In mature markets, operators see energy saving as a way to squeeze profit out of a price-competitive market. Sprint Nextel cut data center-related carbon emissions by 10,450 metric tons, cut costs by $20 million and freed up $28 million worth of redeployable assets thanks to a green data center initiative, which retired 127 applications and decommissioned or redeployed more than 2,239 servers.
Environmentally friendly solutions in emerging markets like Africa, China and India are valued more as a way to compensate for weak and unreliable electric grids than for their long-term cost savings.

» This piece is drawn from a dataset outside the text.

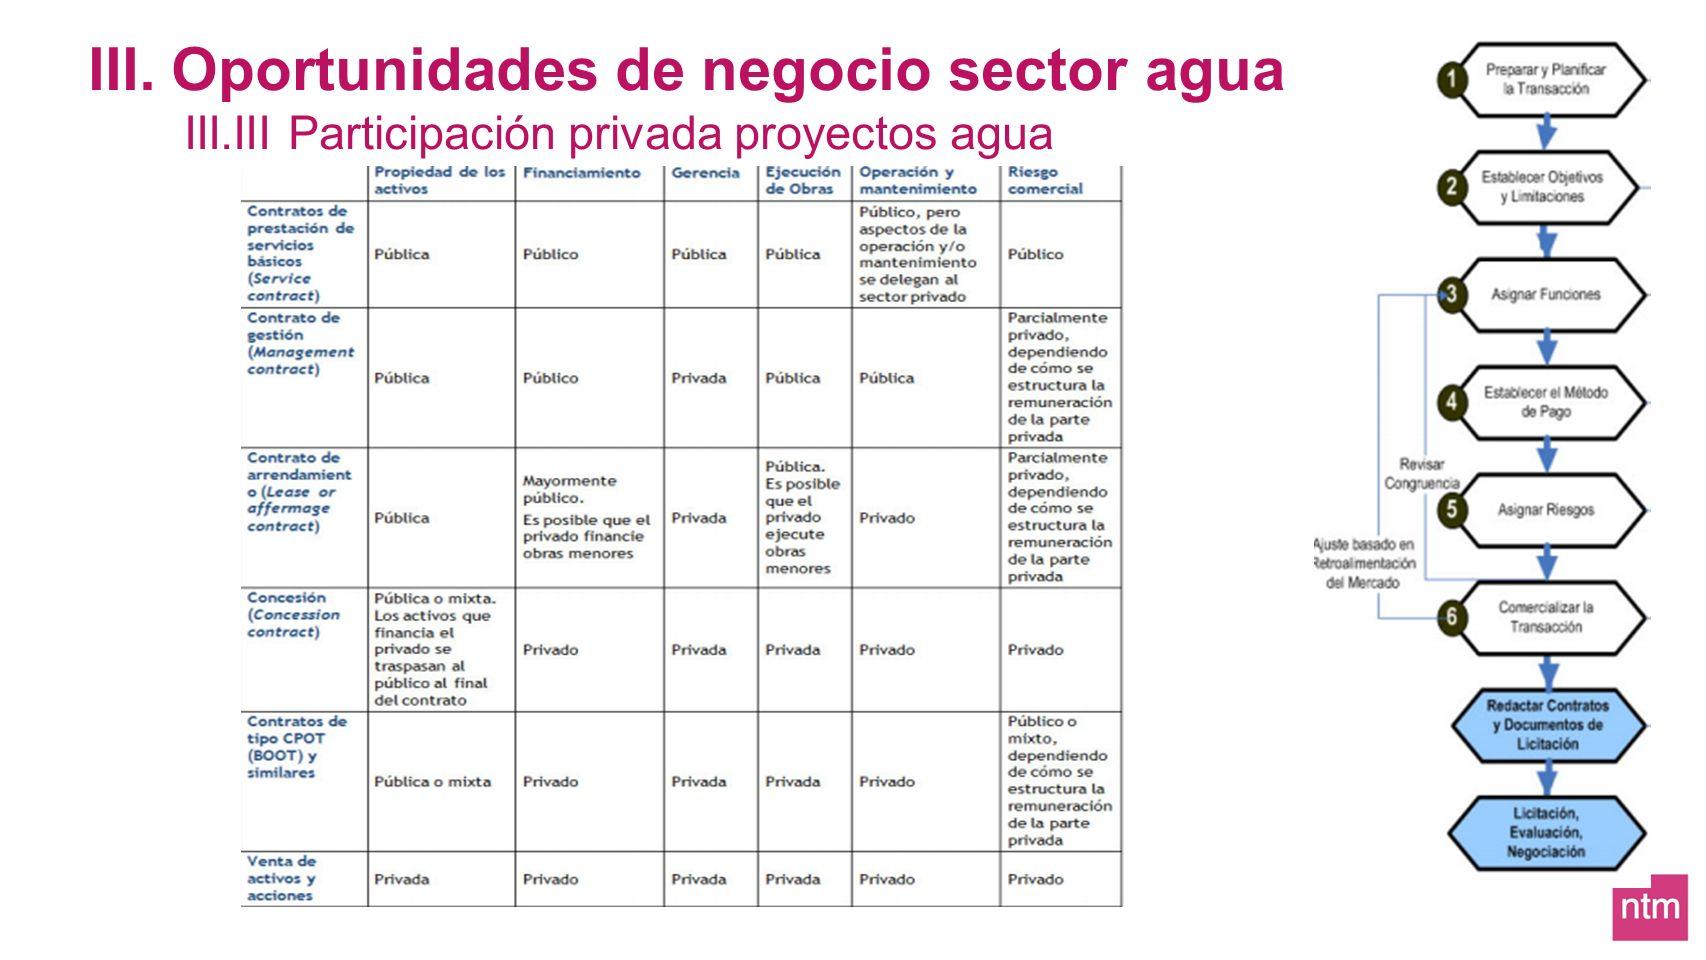 III. Oportunidades de negocio sector agua III.III Participación privada proyectos agua

“The most urgent demand is in emerging markets because electricity is so scarce there,” says Frederic Wuaquiez, marketing manager of Eco-sustainable Wireless Solutions for Alcatel-Lucent. He cites the need for back-up power in off-grid locations as an example of where cost savings and environmentalism coincide. “Where there is no grid, they use a diesel generator – but when you have a base station in a remote area running on diesel, energy comprises 35 percent of total ownership because of carrying the fuel to the generator and engine maintenance.”
|
Wauquiez says that 65 percent of the cases in which a network isn’t providing telecom service are related to energy outages. For emerging markets, reducing the need for electricity is the first step toward preventing this.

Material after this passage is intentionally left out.